---------- STORED DATA ----------

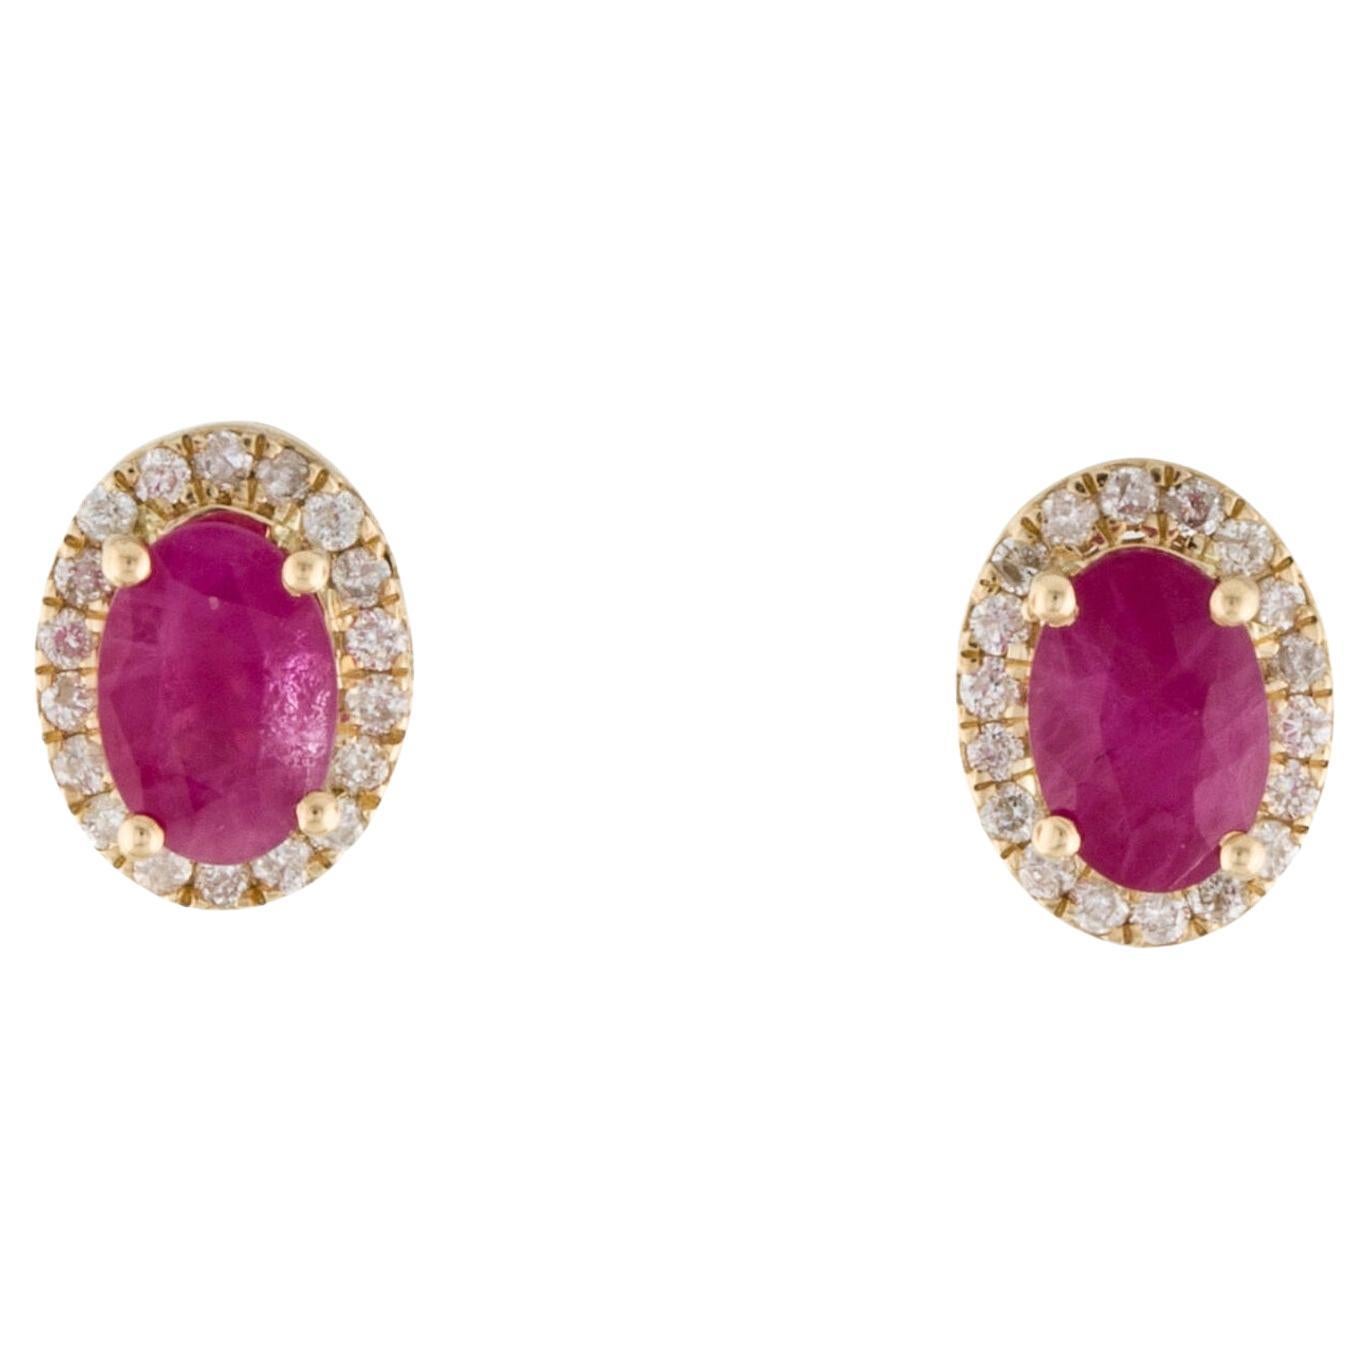 Stunning 14K 1.52ctw Ruby & Diamond Studs - Elegant Gemstone Earrings For Sale
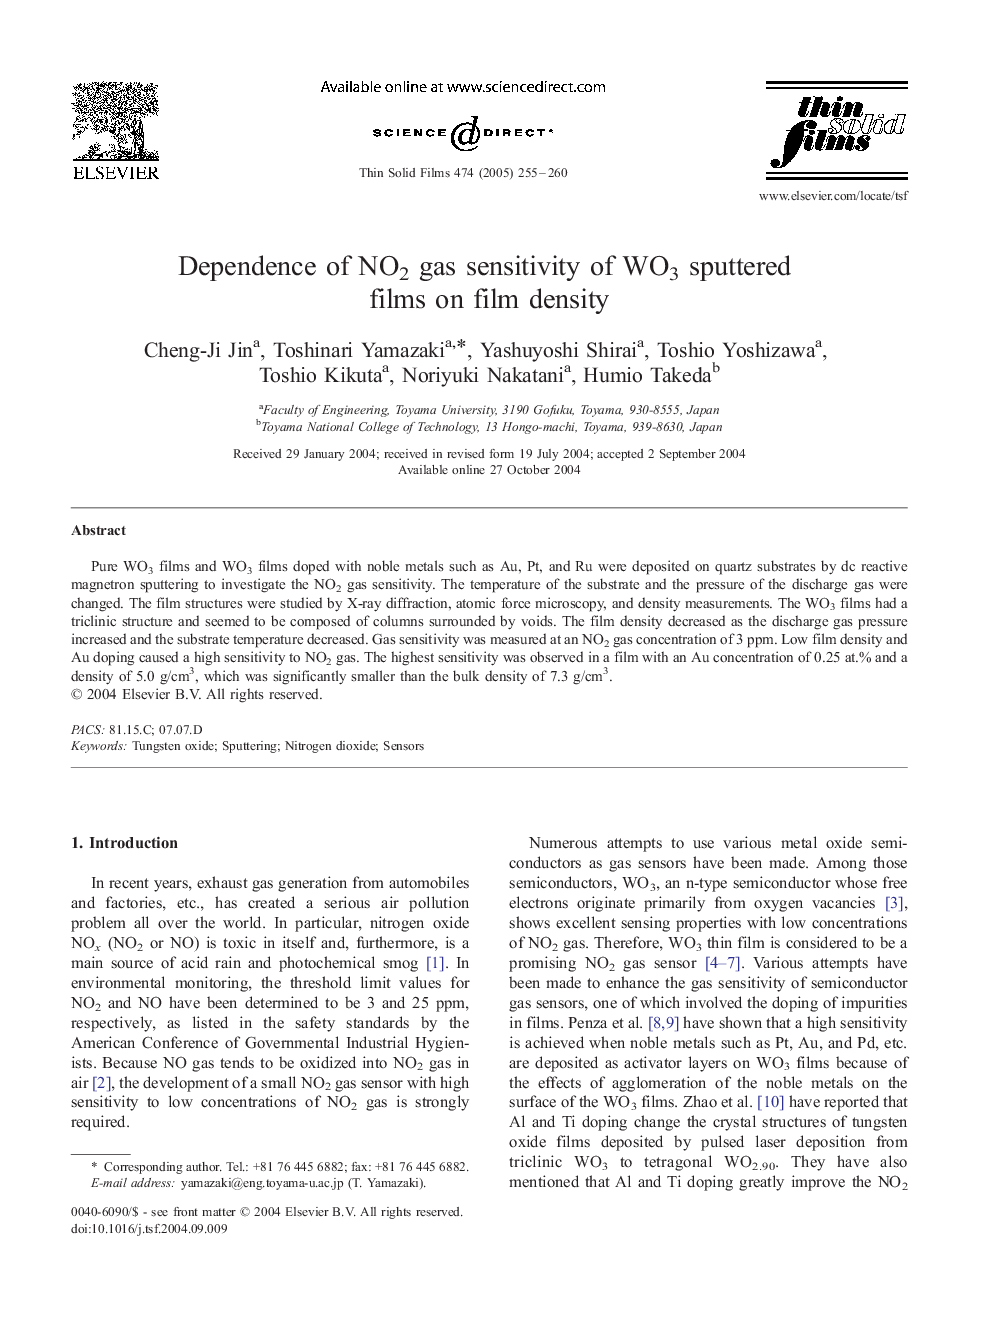 Dependence of NO2 gas sensitivity of WO3 sputtered films on film density
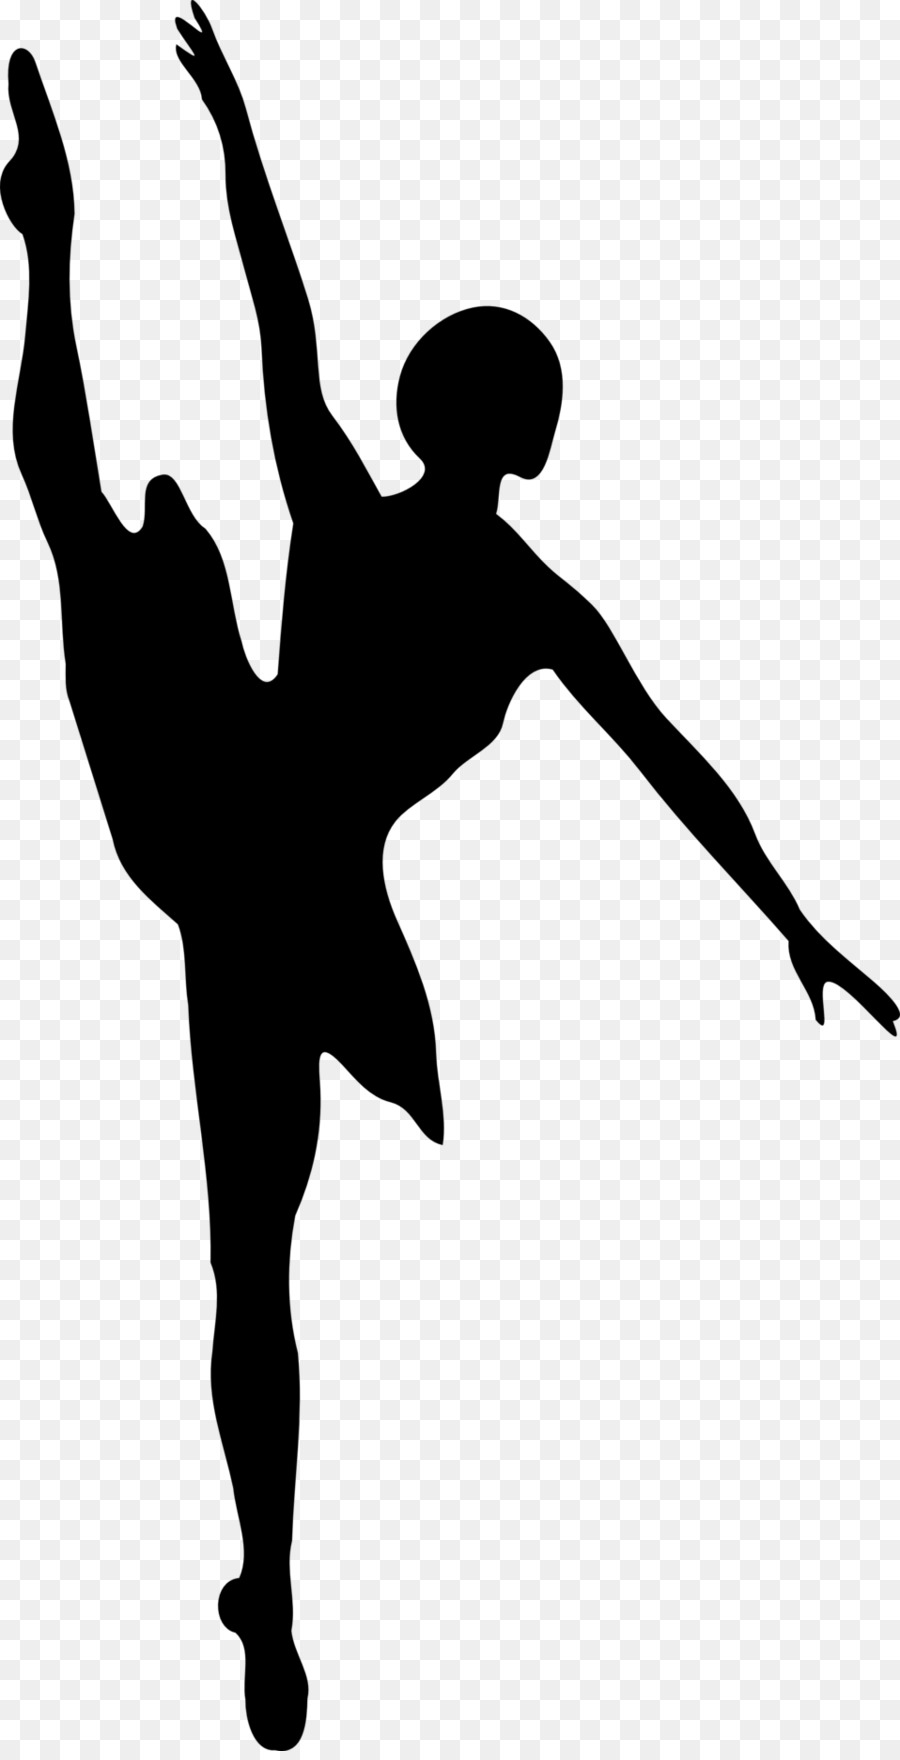 Ballet Dancer Clip art - dance vector png download - 958*1864 - Free Transparent Dance png Download.

----------

WHAT YOU ARE ASKED TO DO ->
The required output is the listing above reproduced exactly, pictures removed.

SOLVED EXERCISE ->
 Stunning 14K 1.52ctw Ruby & Diamond Studs - Elegant Gemstone Earrings For Sale
 Dependence of NO2 gas sensitivity of WO3 sputtered films on film density
 Ballet Dancer Clip art - dance vector png download - 958*1864 - Free Transparent Dance png Download.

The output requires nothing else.